* _Problem to solve_: Under this line are records; the part from the line containing "KitchenAid - 42.25" through the line containing "Siamese cats resting" should be repeated exactly. Please exclude pictures.

* _Exercise material_:
+===+

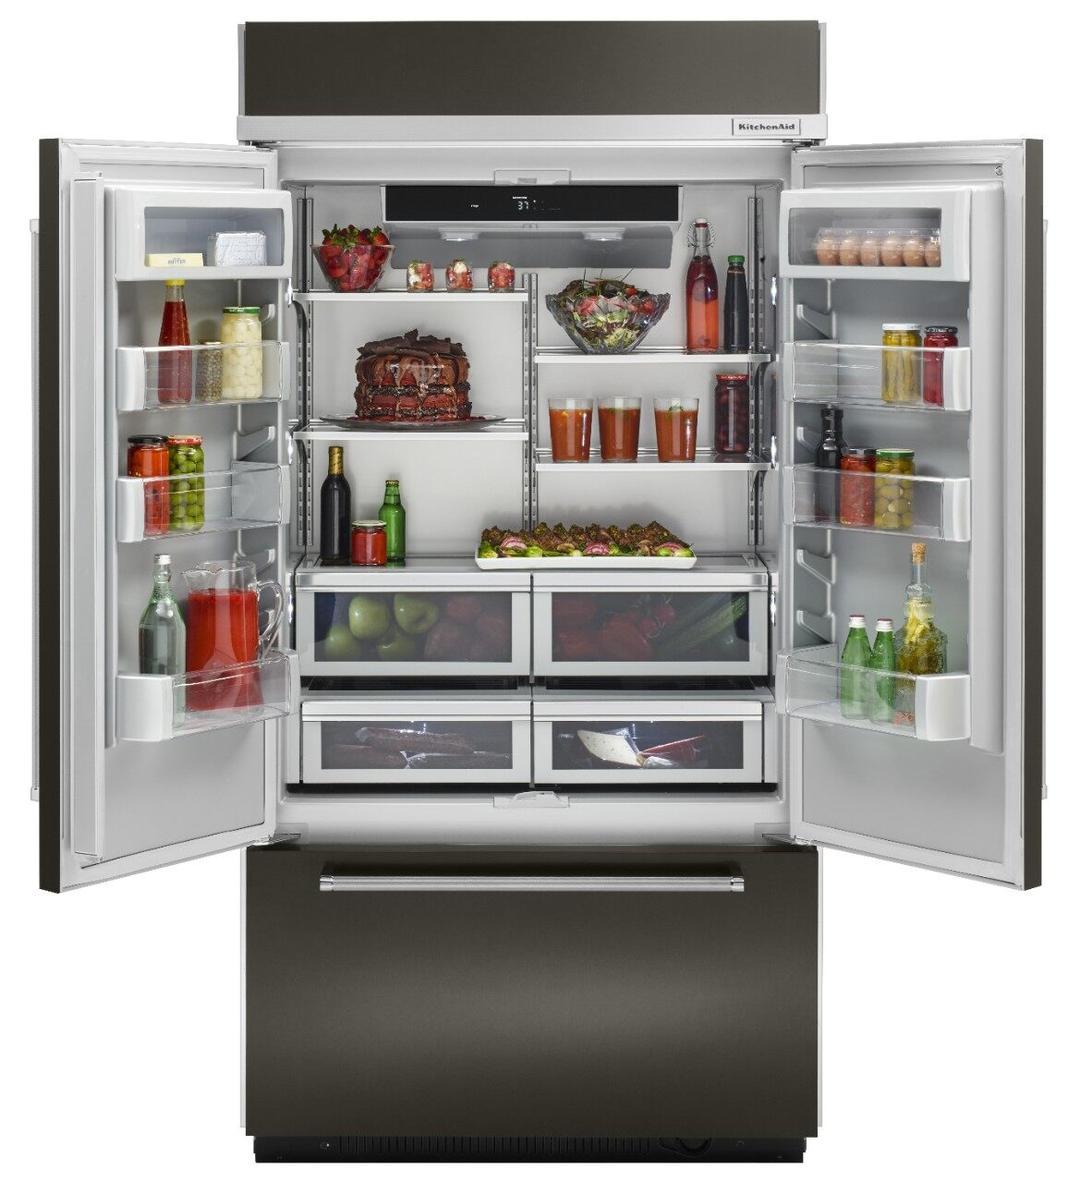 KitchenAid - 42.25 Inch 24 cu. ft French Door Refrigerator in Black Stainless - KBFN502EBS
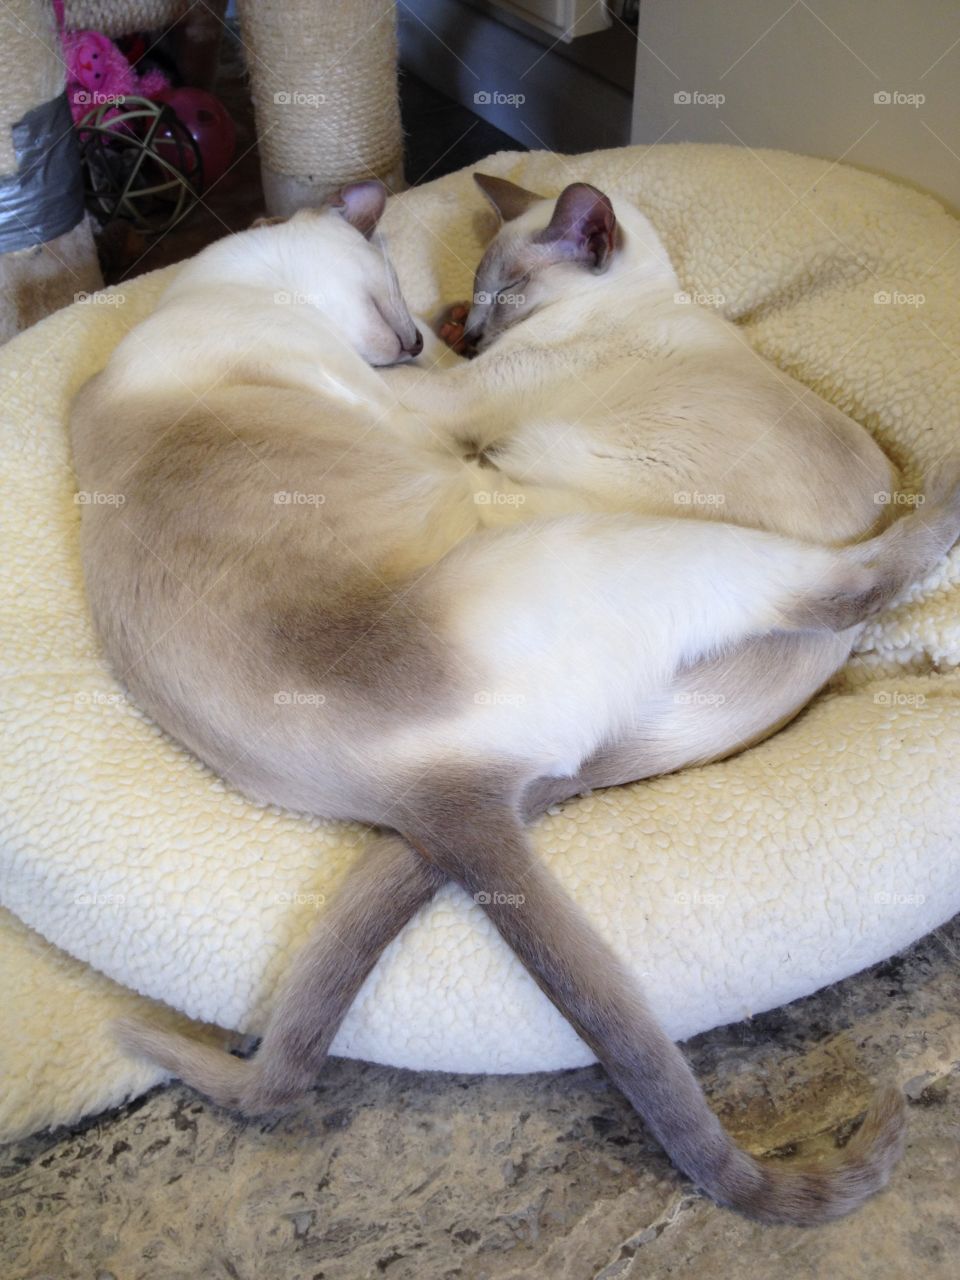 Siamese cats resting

+===+

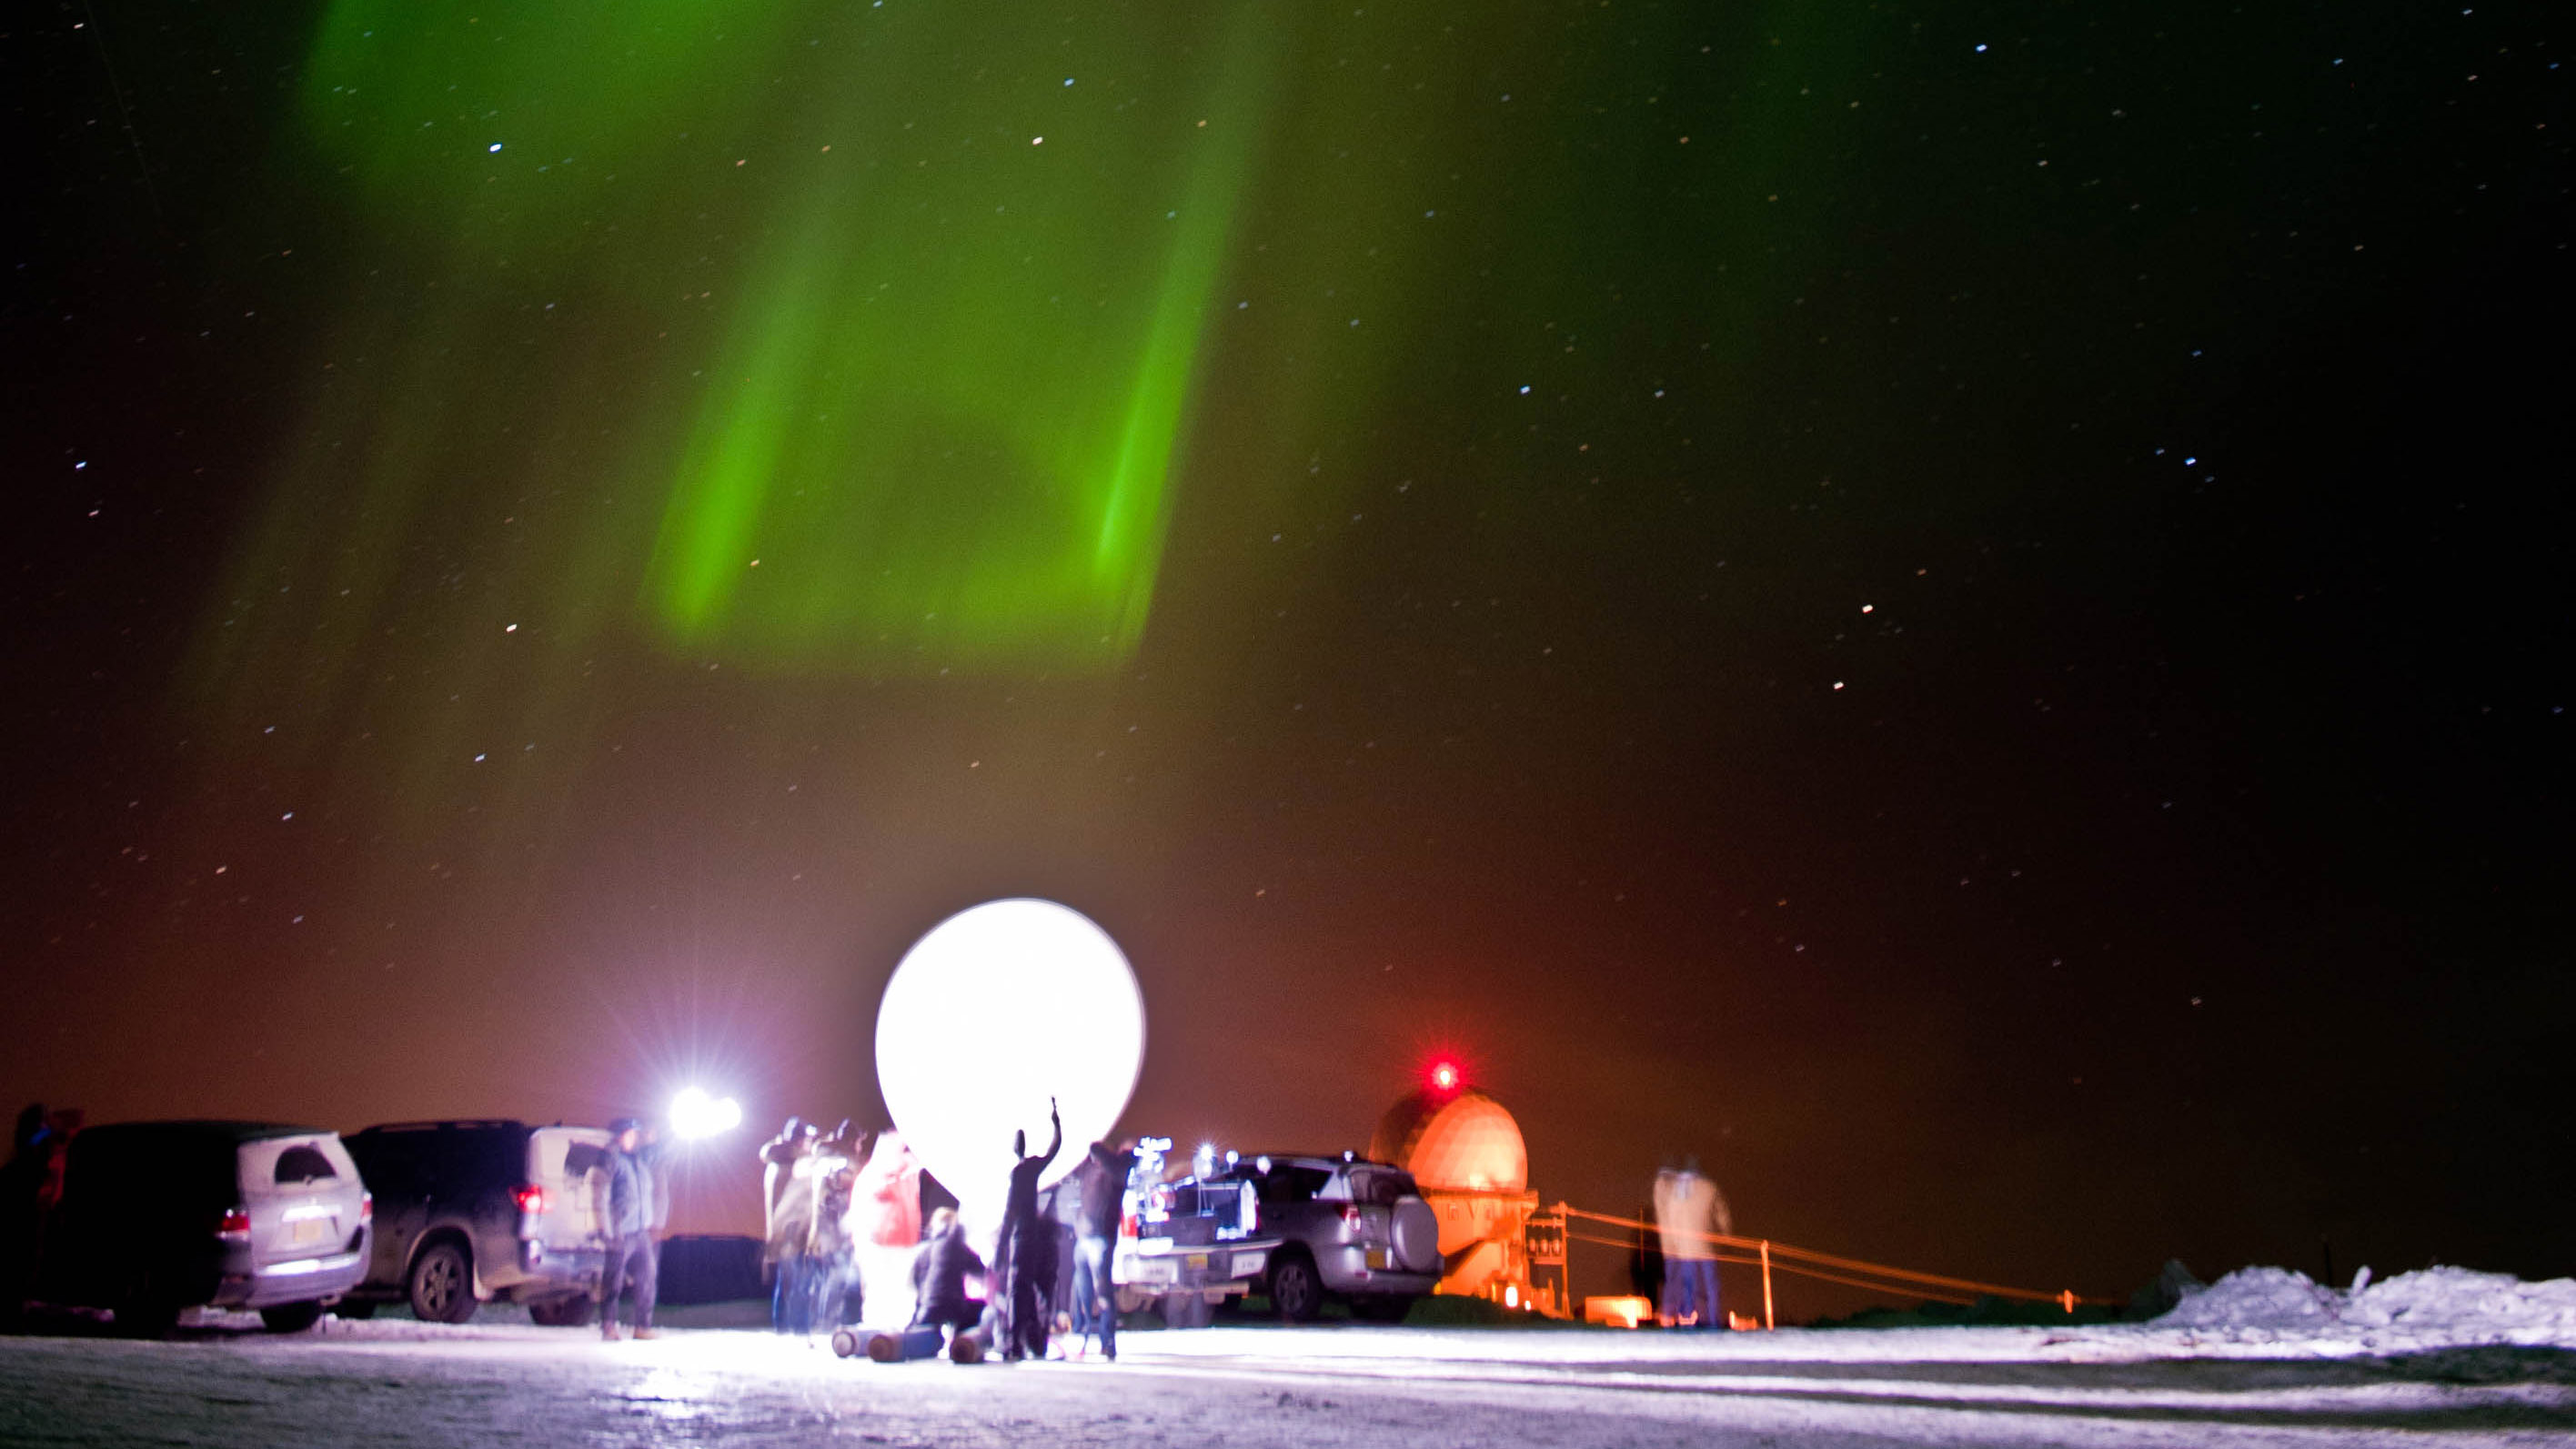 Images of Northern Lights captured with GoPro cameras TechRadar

+===+

* _Response box_:
 KitchenAid - 42.25 Inch 24 cu. ft French Door Refrigerator in Black Stainless - KBFN502EBS
 Siamese cats resting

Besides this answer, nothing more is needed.